Dandelion root (Taraxacum officinale) is a liver-supportive herb as well as a diuretic. Hence we get the benefit of the herb’s digestive support, and it enhances two systems vital in detoxification — the liver and the kidney.
Turmeric (Curcuma longa). In addition to supporting liver function, turmeric has antioxidant and anti-inflammatory activity, and it has shown promise in treating some tumors.
Body stimulants. Sometimes what a pet needs is a little boost to his system to get off the couch and start moving about. Cayenne and ginger are good herbs to consider here.
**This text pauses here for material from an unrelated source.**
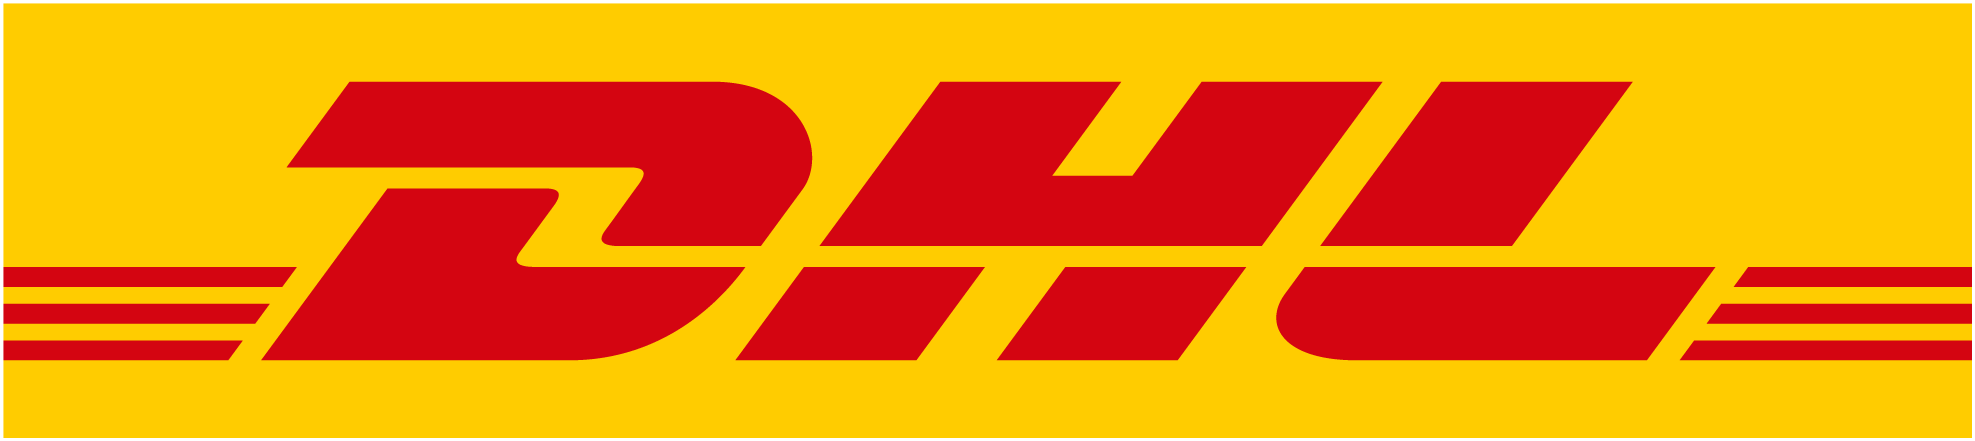 How DHL Aims to Remake Logistics with AI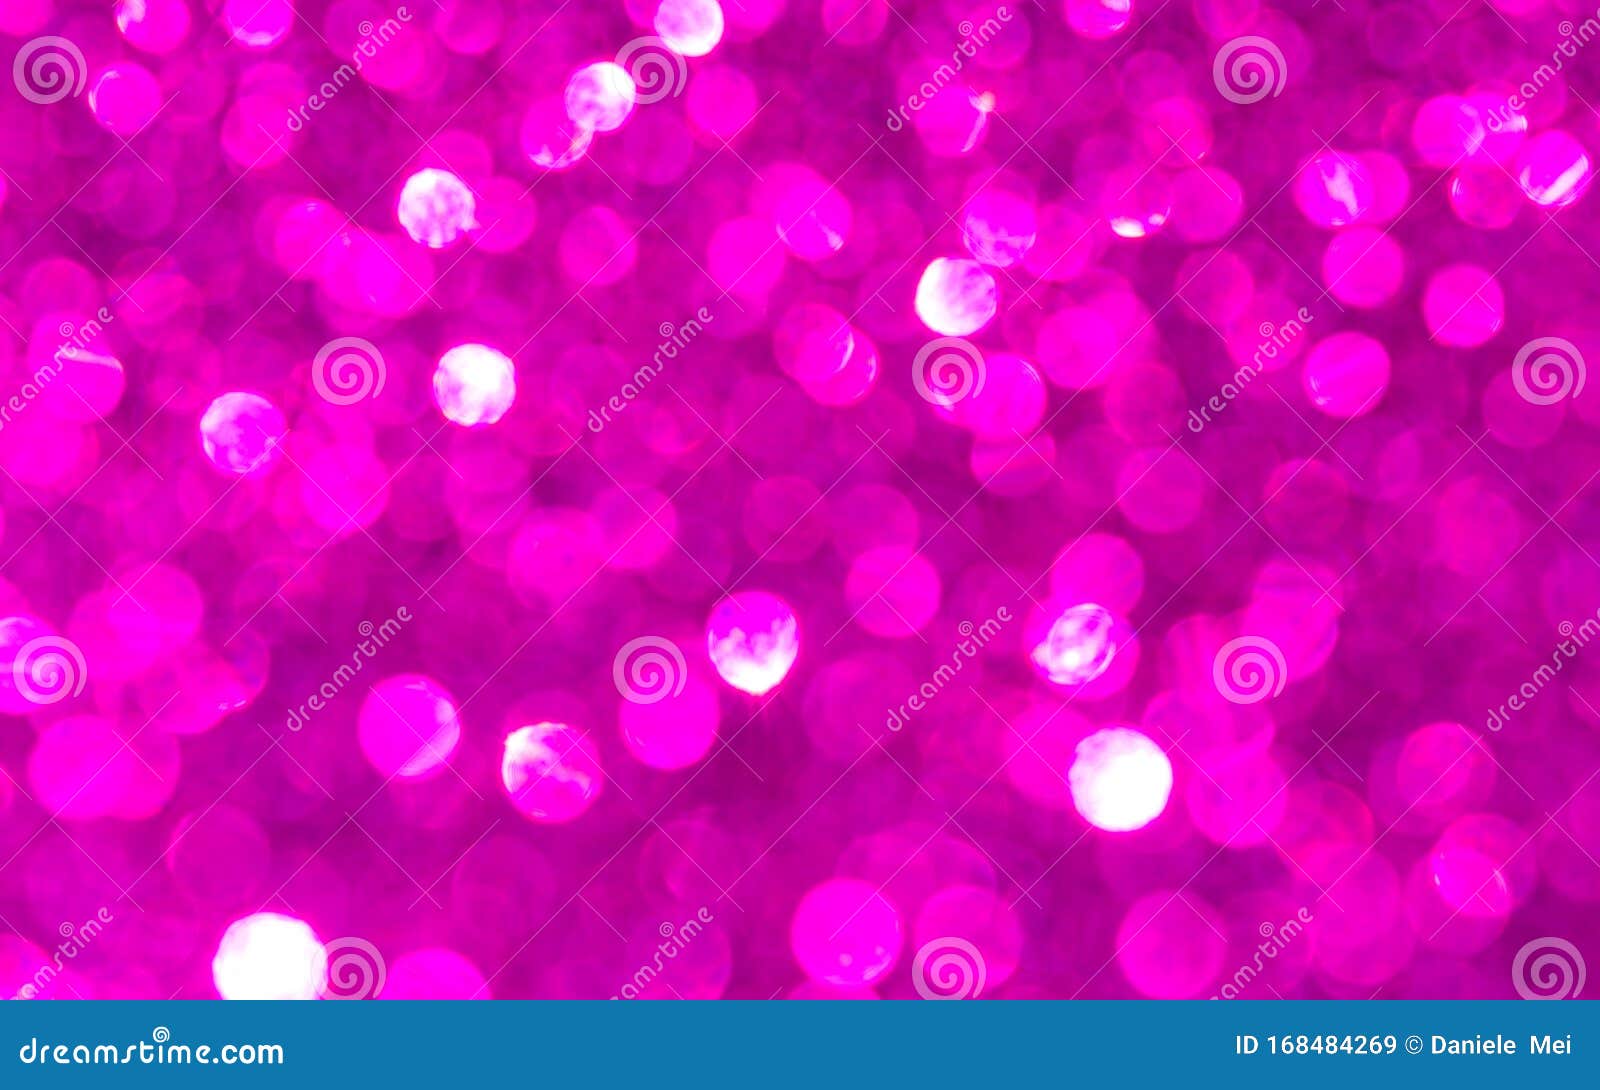 Purple Texture Colorful Blurred Abstract Background Stock Image - Image ...

I also might prescribe Asian ginseng (Panax ginseng) or eleuthero (Eleutherococcus senticosus), also known as Siberian ginseng. These herbs are whole-body tonics and act as stimulants (especially the Asian ginseng). I would thus use Asian ginseng only for the debilitated, energy-deficient, cold patient. It should not be used for any disease where there is inflammation or a high fever. Eleuthero, on the other hand, can be used for almost any patient, and it’s often better suited for the younger, still-active obese patient.
Thyroid helpers. Remember that the thyroid is the master gland for metabolism. Anything we can do to help keep it in balance will ultimately help in weight reduction. To support thyroidal function (and also to add a bulk source of fiber), I like to add one or more of the seaweeds, such as bladderwrack (Fucus vesiculosus), kelp (Laminaria spp.) or Irish moss (Chondrus crispus).
Anti-pain herbs. An arthritic pet may have so much pain that any movement is difficult. I recommend acupuncture along with herbal helpers for these patients. Willow bark (Salix spp.) and meadowsweet (Filipendula ulmaria) both contain naturally occurring aspirin, and thus provide mild pain relief.
I like to think of herbs for the dieting pet as gentle helpers; I don’t try to find a magic bullet that will magically peel off the pounds. The true weight reducers are exercise and proper diet. To enhance these dietary keystones, I recommend adding bulk, fresh herbs to your pet’s diet, sprinkled lightly over her food.
Randy Kidd holds doctorates in veterinary medicine and veterinary and clinical pathology. After practicing traditional veterinary medicine for 10 years, he opened Honoring the Animals, a holistic practice in Kansas City, Missouri.
Information provided in “Pet Corner” is not intended to replace the advice of a qualified veterinarian.